The preparation method of the invention discloses a kind of Ultra-low molecular weight pectin rich in RG-I changes method by ultrasound-enhanced oxidation reaction, promotes the Fe generated in reaction system3+It is reduced to Fe2+, strengthen Fe2+It is reacted again with hydrogen peroxide, generates hydroxyl radical free radical, caused pectin sugar chain oxidation scission, and the galacturonic acid in Idiotype attack pectin, form the low molecular weight pectin for being rich in RG-I structural domain.The weight average molecular weight of gained pectin is mostly the Ultra-low molecular weight pectin for being rich in RG-I in 5-10kDa, esterification degree decline, product, and antioxidant activity is significantly higher than protopectin, and comprehensive utilization ratio improves.

Description

A kind of preparation method of the Ultra-low molecular weight pectin rich in RG-I
Technical field
The preparation method of the present invention relates to a kind of Ultra-low molecular weight pectin rich in RG-I, in particular to it is a kind of to utilize ultrasound Assisted oxidation processing green, the quick method for preparing Ultra-low molecular weight pectin belong to polysaccharide degradation field.
Background technique
Mainly by D- galacturonic acid through a kind of acid heteroglycan of α-Isosorbide-5-Nitrae glucosides key connection, side chain contains pectin The neutral sugars such as a large amount of rhamnose, arabinose and galactolipin.Pectin mainly includes equal polygalacturonic acid glycan (HG), sandlwood Three structural domains of galacturonic acid glycan I (RG-I) and phammogalacturonane II (RG-II), are widely present in plant In, it in apple, citrus, guava, floral disc of sunflower and sweet potato dregs, and is considered as a kind of dietary fiber of solubility, tool Having reduces cholesterol, prevention diabetes, prevents fat and maintain the different physiological roles such as intestinal health.But pectin molecule amount is too Greatly, it is not easy to be digested absorption, therefore limits its absorption in small intestine, influence the performance of its physiological activity.And it is modified super Low molecular weight pectin dissolubility is good, is easily absorbed, and RG-I content increases, and can show stronger bioactivity, therefore open The method for sending out depolymerized pectin novel, prepares modified low molecular weight pectin and is of great significance.

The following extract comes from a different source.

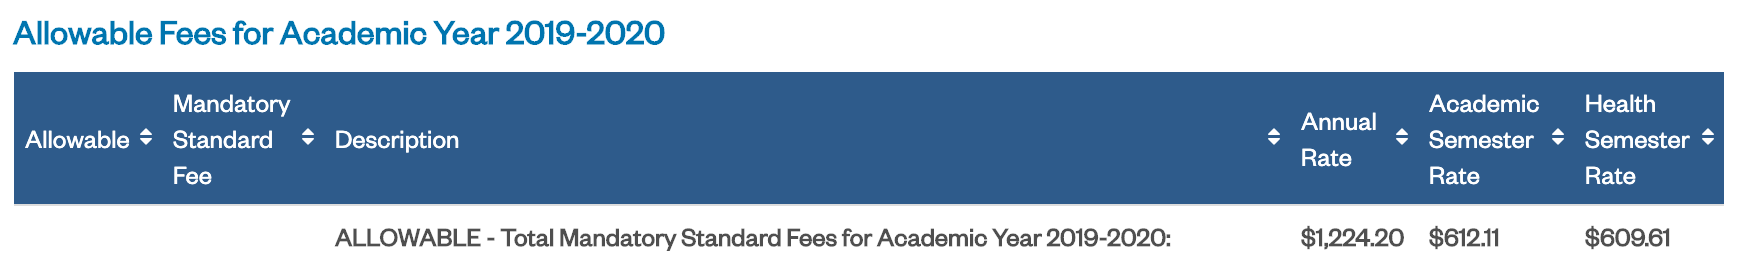 Grad Student Allowable Fees
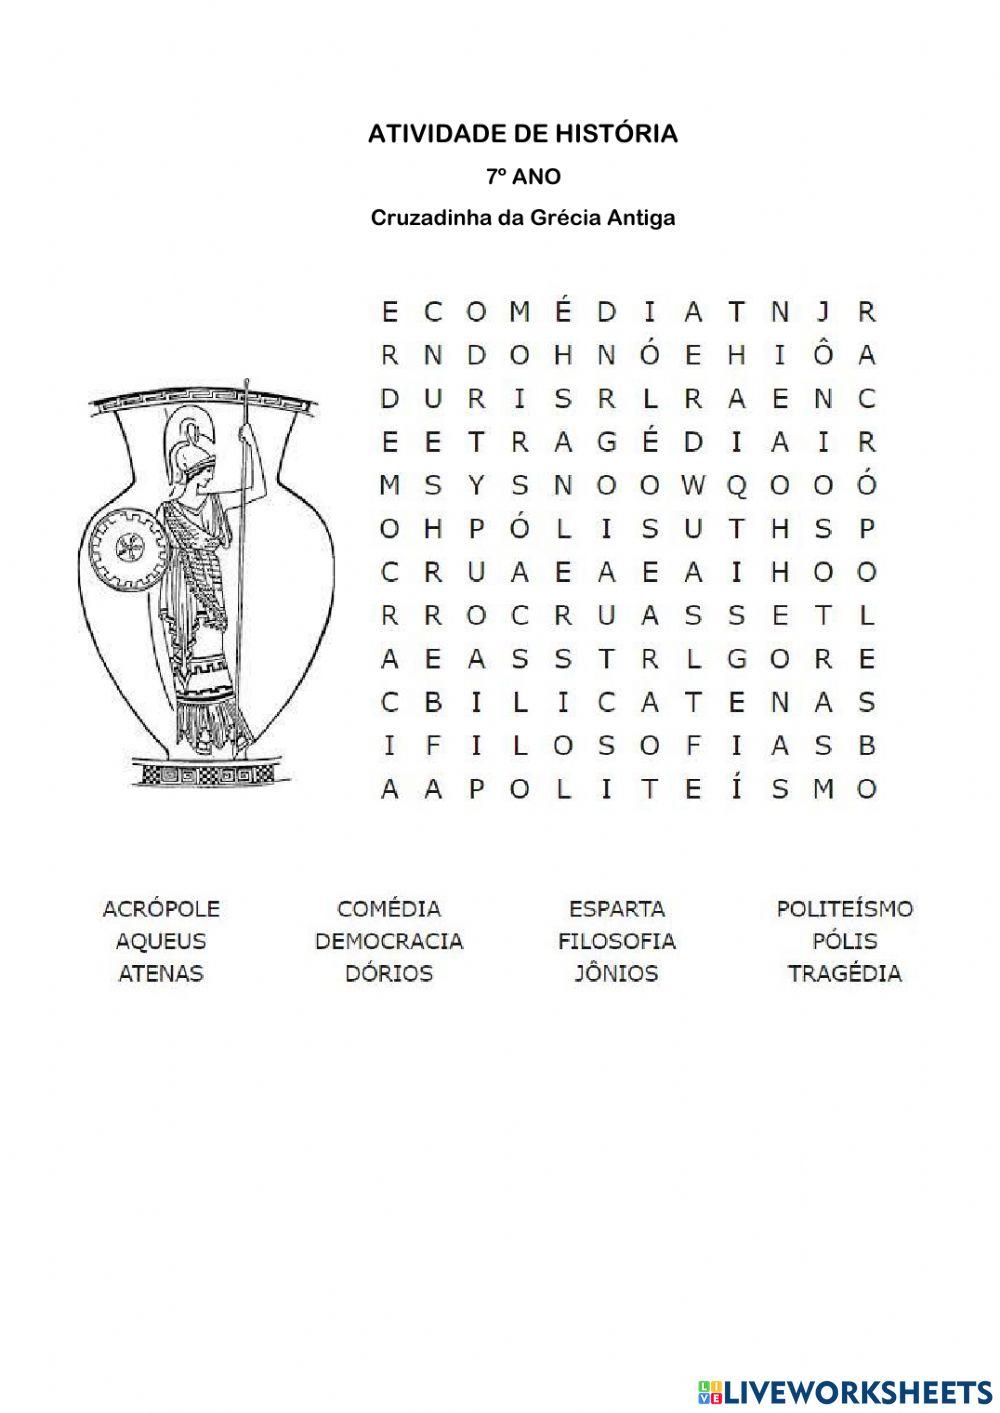 6 SÉRIE - cap 10 - a grecia antiga - atividades complementares (1), PDF, Esparta

The method of pectin degrading mainly includes biodegrade, mechanical degradation and chemical degradation at present.Enzymic reaction temperature With, specificity height, but severe reaction conditions, higher cost.Physical degradation methods mainly have ultrasonotomography, radiation degradation, microwave drop Solution etc., radiation method degradation efficiency highest, but molecular structure is destroyed greatly, and safety has dispute, it is restricted its application; Microwave degradation, which is also easy to produce high temperature, influences catabolite bioactivity;Ultrasonotomography is small to the destruction of lytic activity structure, but it is degraded Ability is limited, and pectin degrading to 30kDa or so cannot still can only be absorbed by the body.Chemical degradation mainly includes acid drop at present Solution and alkaline degradation, but since strong acid, highly basic etc. is added, easily cause environmental pollution, and reaction rate is slower, and it is general at high temperature into Row reaction, therefore influence to destroy larger, reduction bioactivity on structure.
Summary of the invention
It is an object of the invention to improve at present preparation RG-I type Ultra-low molecular weight pectin technology, provide it is a kind of green, The preparation method of safety, quickly the Ultra-low molecular weight pectin rich in RG-I.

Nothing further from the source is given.